Eeyore: Realistic Depression Simulation via Supervised and Preference Optimization

📝 Paper Summary

User modeling (Clinical simulation) Safety alignment vs. Realism

Eeyore simulates realistic depression by aligning an 8B model to structured psychological profiles using a two-stage preference optimization process that generates negative training samples via profile noise injection.

Core Problem

General-purpose LLMs are optimized for safety and positivity, preventing them from authentically simulating the negative thought patterns, cognitive distortions, and self-harm ideation required for realistic clinical training.

Why it matters:

Novice counselors need realistic practice environments, but current LLM simulations are overly sanitized and fail to represent the severity of mental health conditions
Prompt engineering alone cannot overcome the inherent safety biases of models like GPT-4, leading to inauthentic 'perfect patient' interactions
Existing datasets lack the structured psychological metadata needed to control specific symptom manifestations (e.g., moderate vs. severe depression)

Concrete Example: When simulating a depressed client, a standard LLM might refuse to express hopelessness or self-harm ideation due to safety filters, whereas a real client with 'severe depression' would exhibit these traits. Eeyore uses a structured profile to force the model to adhere to these darker traits.

Key Novelty

Profile-Noise Augmented Preference Optimization

Uses a structured psychological profile (symptoms, severity, demographics) to guide model behavior via instruction tuning
Generates DPO (Direct Preference Optimization) negative samples by artificially injecting 'noise' into the profile (e.g., swapping 'severe' for 'mild') to force the model to distinguish between profile-compliant and slightly deviated responses
Integrates a second stage of expert-annotated preferences to calibrate the model against human clinical judgment

Architecture

The three-stage framework: (1) Language-Specific Alignment (Data Curation), (2) Profile-Guided Role-Playing (SFT), and (3) Iterative Preference Optimization (DPO).

Evaluation Highlights

96.0% of model-generated attributes comply with the assigned psychological profile according to a GPT-4o verifier
85.2% of extracted depression traits in the training data were verified as accurate by clinical experts
82.0% of expert annotations in the second stage indicated a clear preference for one response over another, facilitating effective preference learning

Breakthrough Assessment

8/10

Significant methodology for overcoming safety refusal in clinical simulation.
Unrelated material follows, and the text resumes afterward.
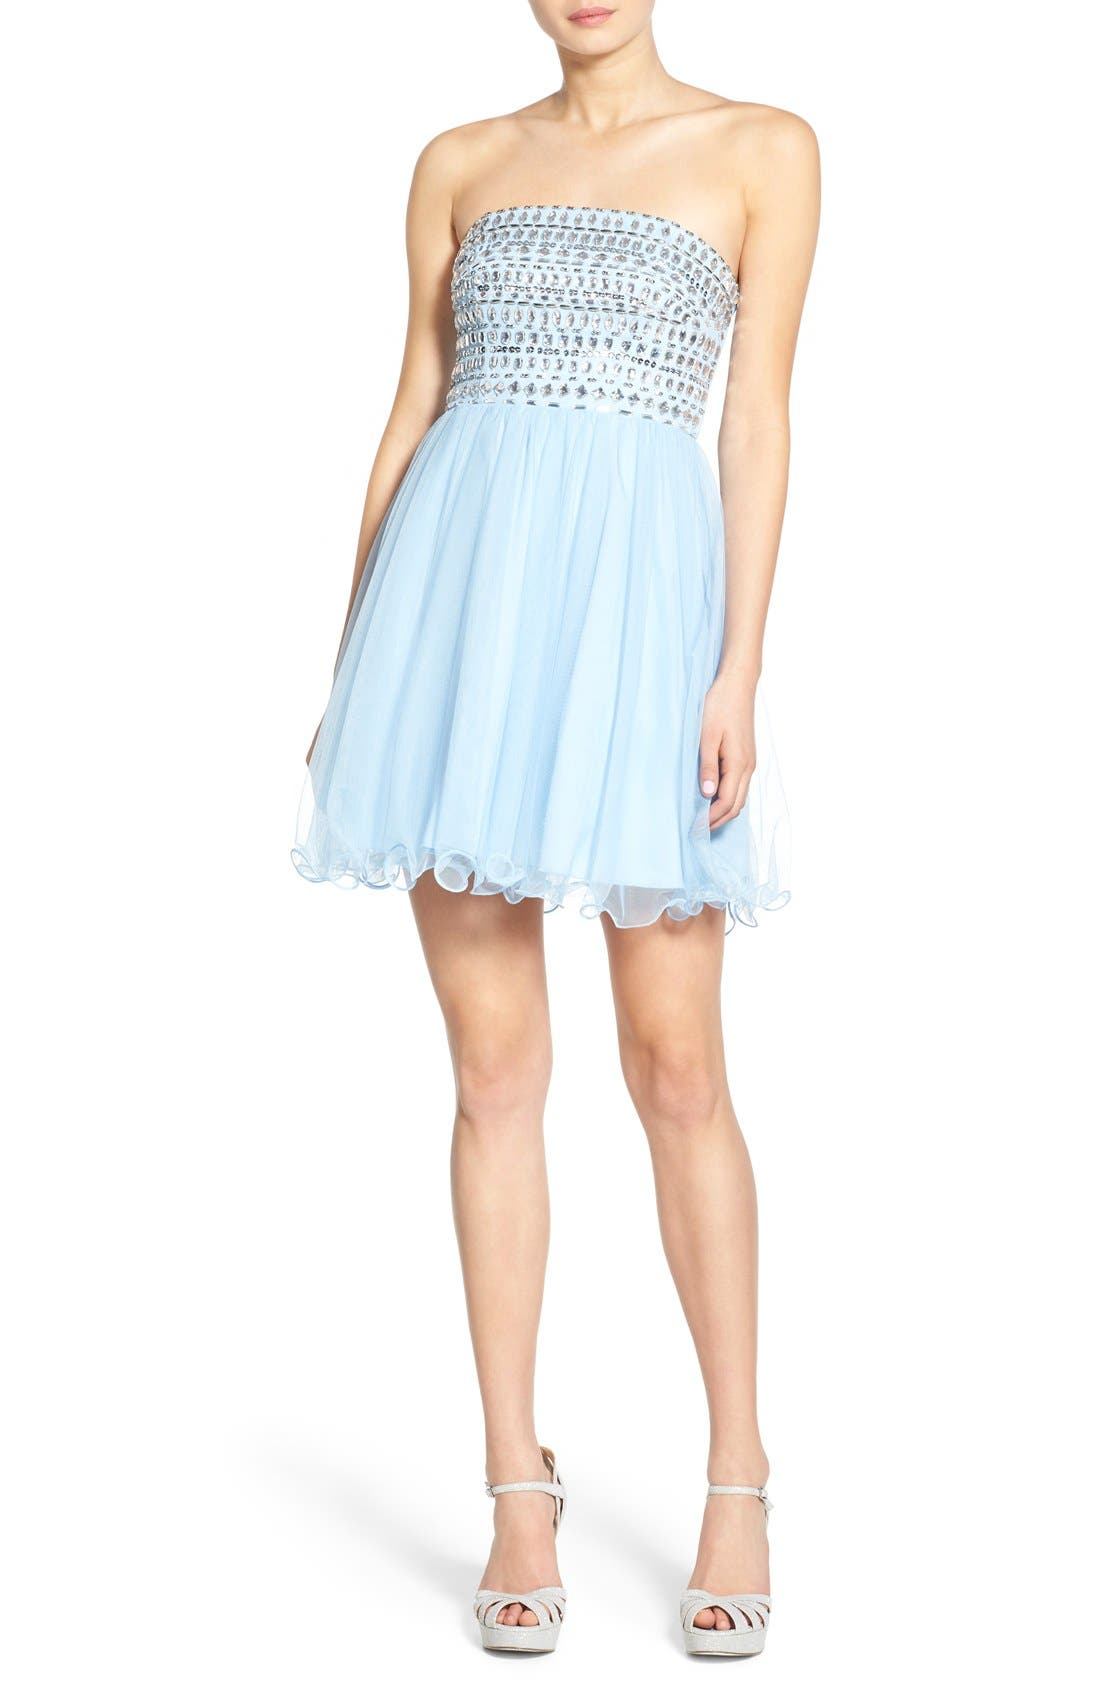 Main Image - Sequin Hearts Rhinestone Bodice Strapless Dress
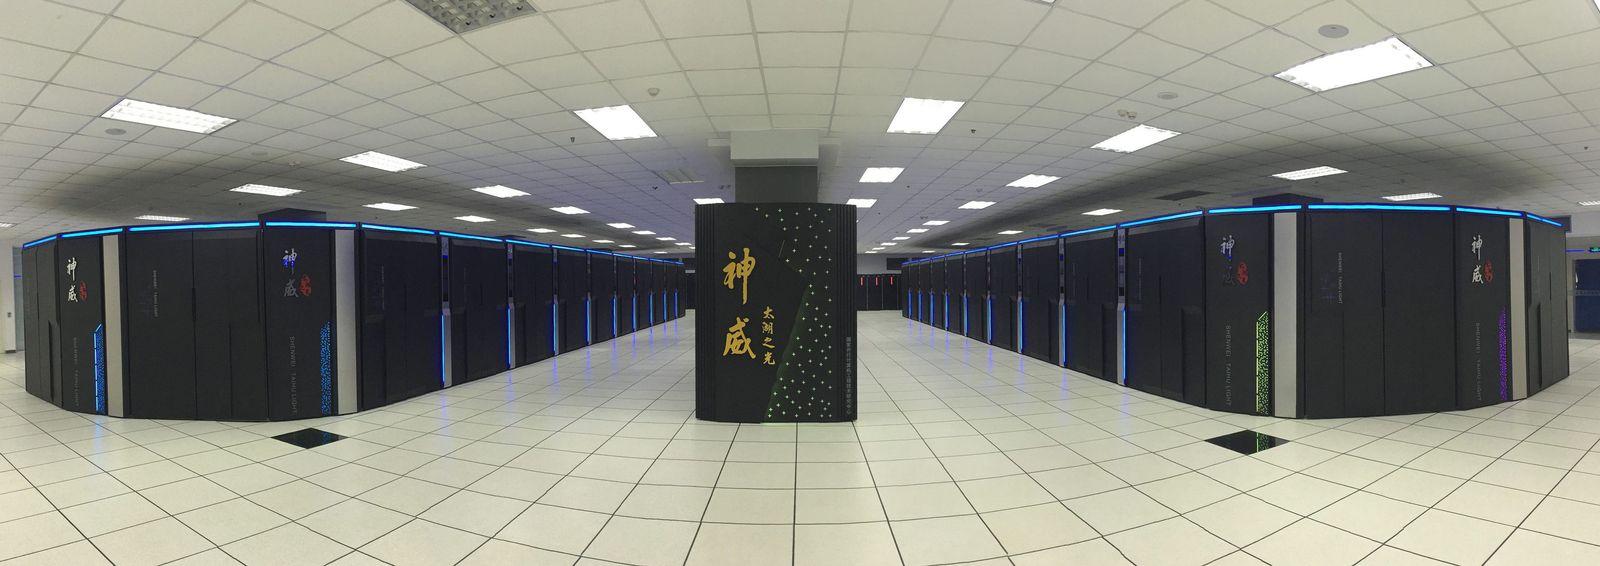 Sunway TaihuLight Supercomputer

The profile-noise DPO strategy is a clever solution to the 'model is too good to sample negatives' problem.

⚙️ Technical Details

Problem Definition

Setting: Role-play simulation conditional on a structured psychological profile

Inputs: System prompt containing psychological profile (demographics, symptoms, severity) + Conversation history

Outputs: Patient response y consistent with the profile

Pipeline Flow

Data Curation: Mine conversations -> Extract Profiles -> Rebalance
Phase 1: Instruction Tuning (SFT) on profile-dialogue pairs
Phase 2: DPO with Model-Generated Preferences (Profile Noise)
Phase 3: DPO with Expert-Annotated Preferences

System Modules

Profile Extractor

Extract structured depression traits from raw conversation text

Model or implementation: GPT-4o

Eeyore (SFT)

Learn to generate responses conditional on profiles

Model or implementation: 8B model (Instruction Tuned)

Preference Generator (Noise)

Create negative samples for DPO by perturbing the profile

Model or implementation: Eeyore (SFT version)

Novel Architectural Elements

Profile-Noise Augmented DPO: Generating negative samples (y_l) by prompting the model with a perturbed psychological profile (x_n) rather than the original input (x_o), forcing the model to learn fine-grained profile adherence

Modeling

Base Model: 8B model (exact architecture not specified in provided text, likely Llama-3-8B given context)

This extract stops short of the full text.